Monday, August 20, 2012

Notes from a reluctant absentee

The Mystery discussion marks the second one in a row I've missed (another excellent selection, along with In the Garden of Beasts).  But it's vacation season, and one third of the reference desk staff is out right now.  

For my absentee contribution this month, I'll pass along some library news and mention a few new/forthcoming titles of interest.

First, a great film opportunity beginning this fall:  My friend Kate, in charge of programming for Round Rock Public Library, just received RRPL's coveted acceptance as a participant in Community Cinema 2012-2013.  I believe that Round Rock will be one of only four Texas locations (also Dallas, Austin, Houston) to host ten monthly screenings, September through June, of films from PBS’ award-winning Independent Lens series of documentaries.  Along with the chance to view these great films two weeks to two months before they’re broadcast nationally, you’d benefit from the post-screening insights of speakers and panelists. 

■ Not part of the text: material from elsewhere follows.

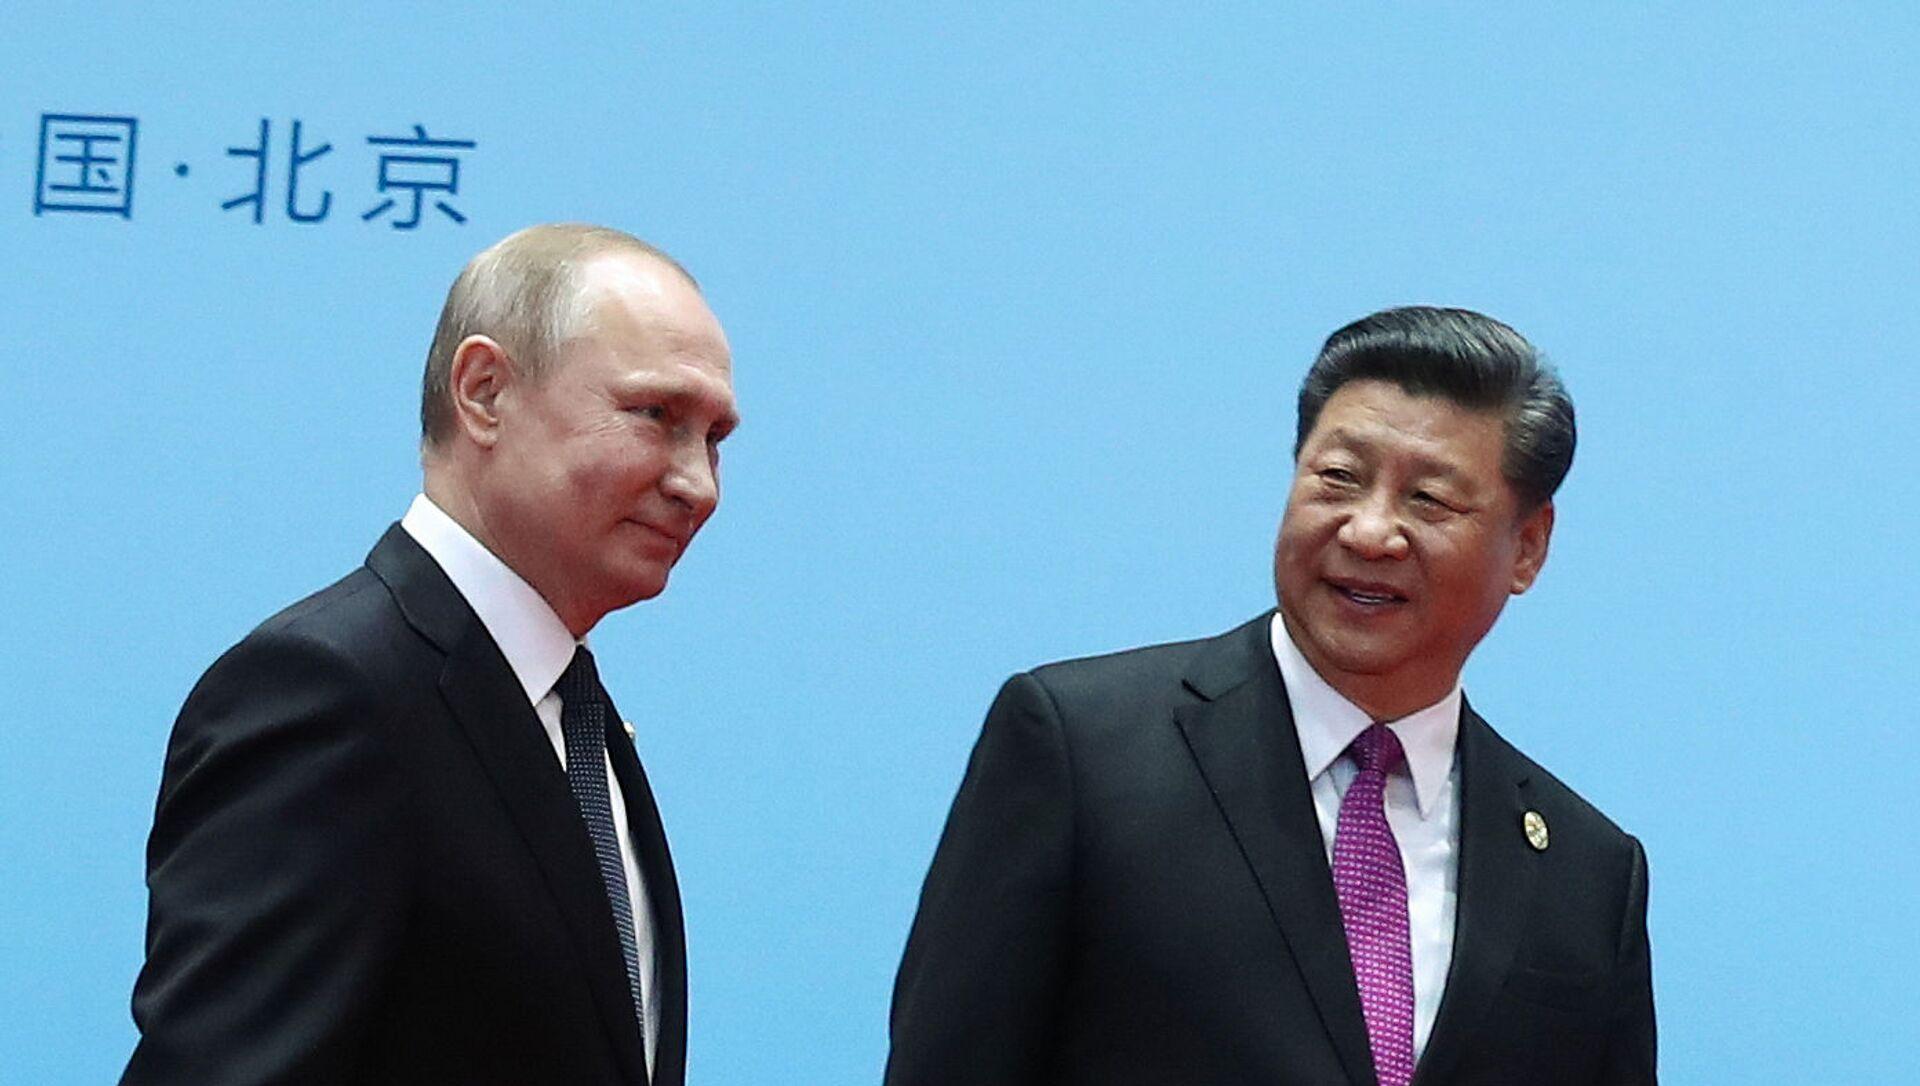 El presidente de Rusia, Vladímir Putin, y el presidente de China, Xi Jinping - Sputnik Mundo, 1920, 03.10.2020

A film adaptation of Half the Sky (based on the book by Pulitzer Prize winners Nicholas D. Kristof and Sheryl WuDunn- about human rights abuses directed toward women) opens the series in September; other titles include As Goes Janesville (Midwestern town after GM plant closure) and The Revolutionary Optimists (empowering the youth of Calcutta), along with others to be announced soon.  I’ve viewed a clip of Solar Mamas (women from Africa and South America—some illiterate--training to become solar power engineers for their villages); it was wonderfully inspiring. 

The content of the Independent Lens series is definitely geared toward an adult audience.  You don’t have to live in Round Rock or have a RRPL card to attend.  More info will be forthcoming at www.roundrocktexas.gov/library.  You can read more about Community Cinema here:   http://www.pbs.org/independentlens/getinvolved/cinema/

Some new and soon-to-be published titles that may interest the group:  Liza Klaussman's (she's Herman Melville's great-great granddaughter) Tigers in Red Weather (family secrets with an extra dose of suspense); Leila Meacham's Tumbleweeds (not literary fiction, but if you loved her Roses--as I did--you'll probably enjoy this one even more).  Ariel S. Winter's The Twenty Year Death (hardboiled detective fiction, which I don't normally read) features three intertwined stories in the style of three noted genre authors and was a wonderful find.  Francesa Segal (Love Story's Erich Segal was her father) was inspired by Edith Wharton's The Age of Innocence as she envisioned The Innocents.  I was charmed and impressed by that one.  This month's theme seems to have been literary antecedents--and fine ones, at that!